Views inside The Music Box, the new home of LCCMViews inside The Music Box

After seven years at JLL, Morriss became a partner at Stanley Peach and Partners at the age of 30. Brought in as the future of the firm, with the existing partners reaching retirement age, Morriss in fact left before they did. He explains: ‘They weren’t doing commercial work at all; they were doing a lot of government work. So in terms of bedfellows, it probably didn’t work out quite as well. There’s no animosity.’ Out of Stanley Peach and Partners grew SPPARC in 2007.

The new company, spearheaded by Morriss, had already begun within the office but embodied a fresh, creative culture, thriving off of constant challenges and evolving design principals. Refusing to subscribe to a ‘house style’, Morriss explains how the practice takes a fresh and innovative approach to each project, recognising that no one context is the same. In that sense it could be said that its house style is to create an innovative and contextual response to each site. Even in cases where it has two projects on the same street they never look the same.

SPPARC has embraced the use of technology in all aspects of its work, but not to the detriment of alternative design methods and outcomes. ‘While we’re a modern firm we actually still do processes in quite a traditional way. I’ve still a workshop up on the top floor, so I still whittle around with bits of balsa wood. We still craft things and we still make things.’

The new home of LCCM with residential accommodation belowThe new home of LCCM with residential accommodation

Morris explains that all of the practice’s work involves an element of challenge. Whether it interrogates a brief to get the maximum out of it, or it is working within particularly complex site constraints, Morriss says: ‘We like to have these jigsaw puzzles, which we can unlock with the right challenges.’

Nowhere is this more evident than in The Music Box. Recently opening to become the new home for the London College of Creative Media (LCCM) in Southwark, The Music Box involved an infinitely complicated brief, with a residential development above a music college.

The structure consists of ‘floating rooms within rooms’, using freestanding steel installations to avoid sound transfer between the units. This differentiation is expressed in the materiality, defining the border between residential and college with a horizontal line modelled on Phi’s Golden Section. The music college forms a rigid brick base, and the residential block ethereally rests on top.
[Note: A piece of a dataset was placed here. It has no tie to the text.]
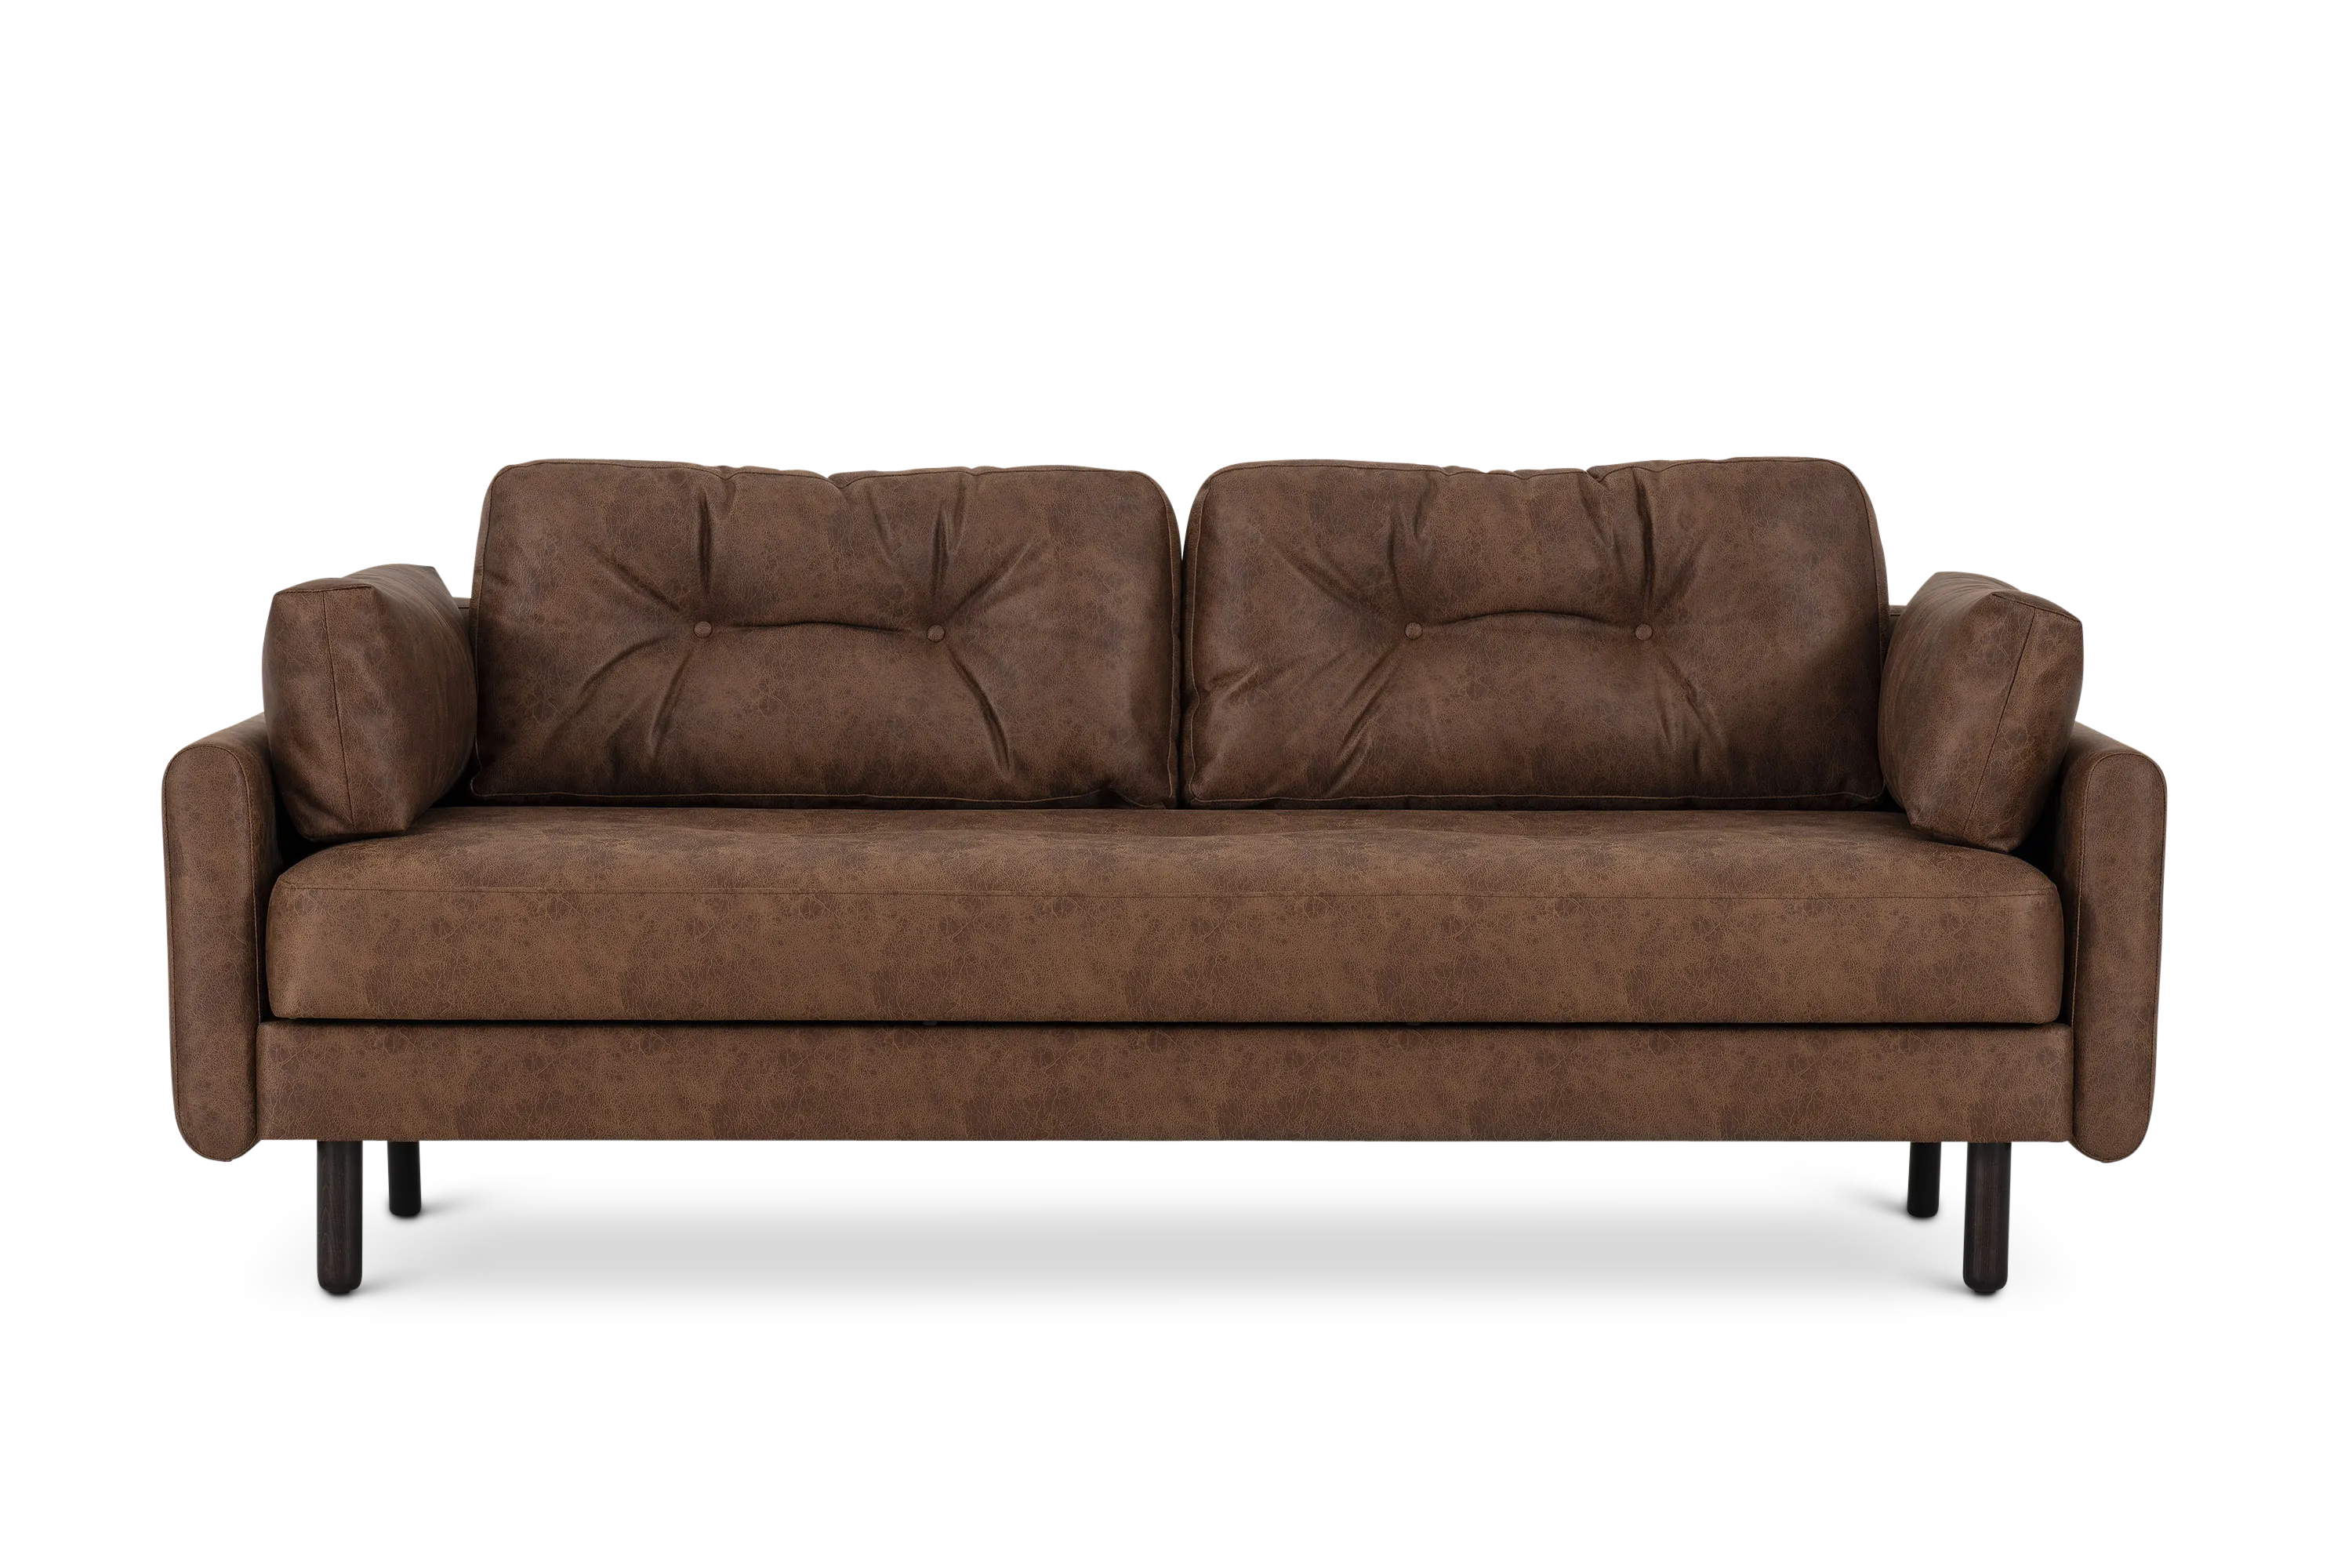 Model 04 3 Seater Sofa Bed 24 Hour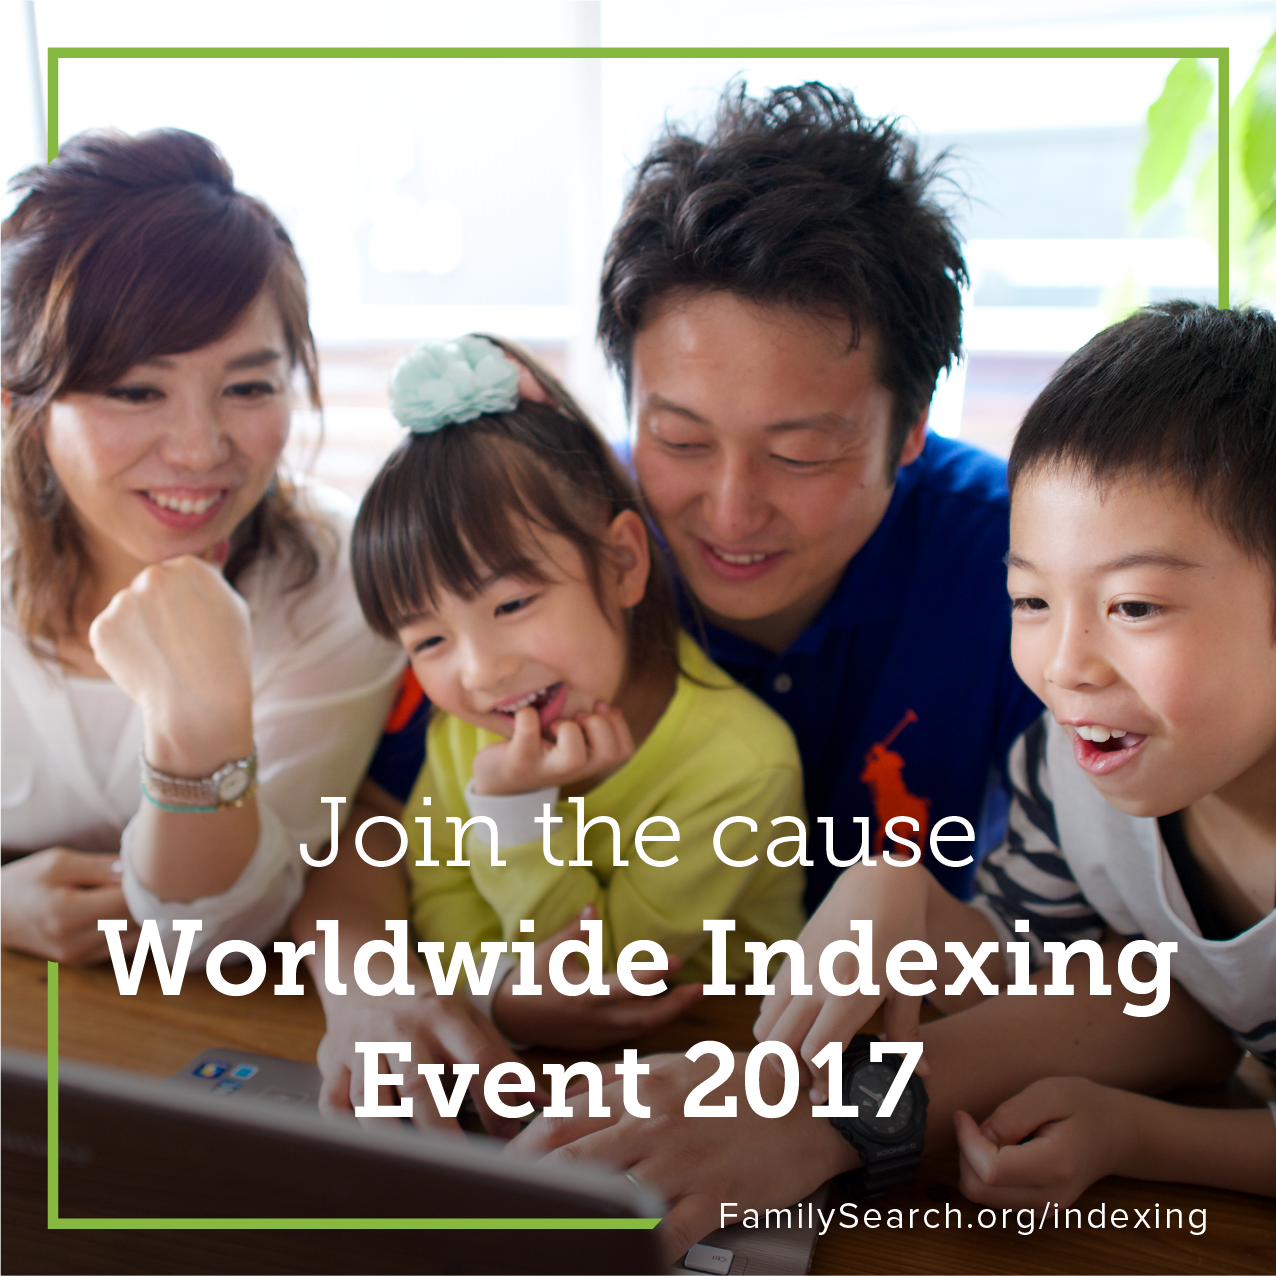 The FamilySearch Worldwide Indexing Event engages online volunteers to make the historic genealogical records freely and easily searchable online.

Morriss is positive on the future of small architecture firms such as SPPARC. He concludes: ‘I think that the spirit of a collaborative practice our kind of size is more relevant now than it’s ever been… people have never been more tuned in to really good quality design than they are now. I think that they’re actually genuinely interested in it, when maybe 20 years ago they weren’t...the place of the architect is probably more relevant now than it’s ever been.’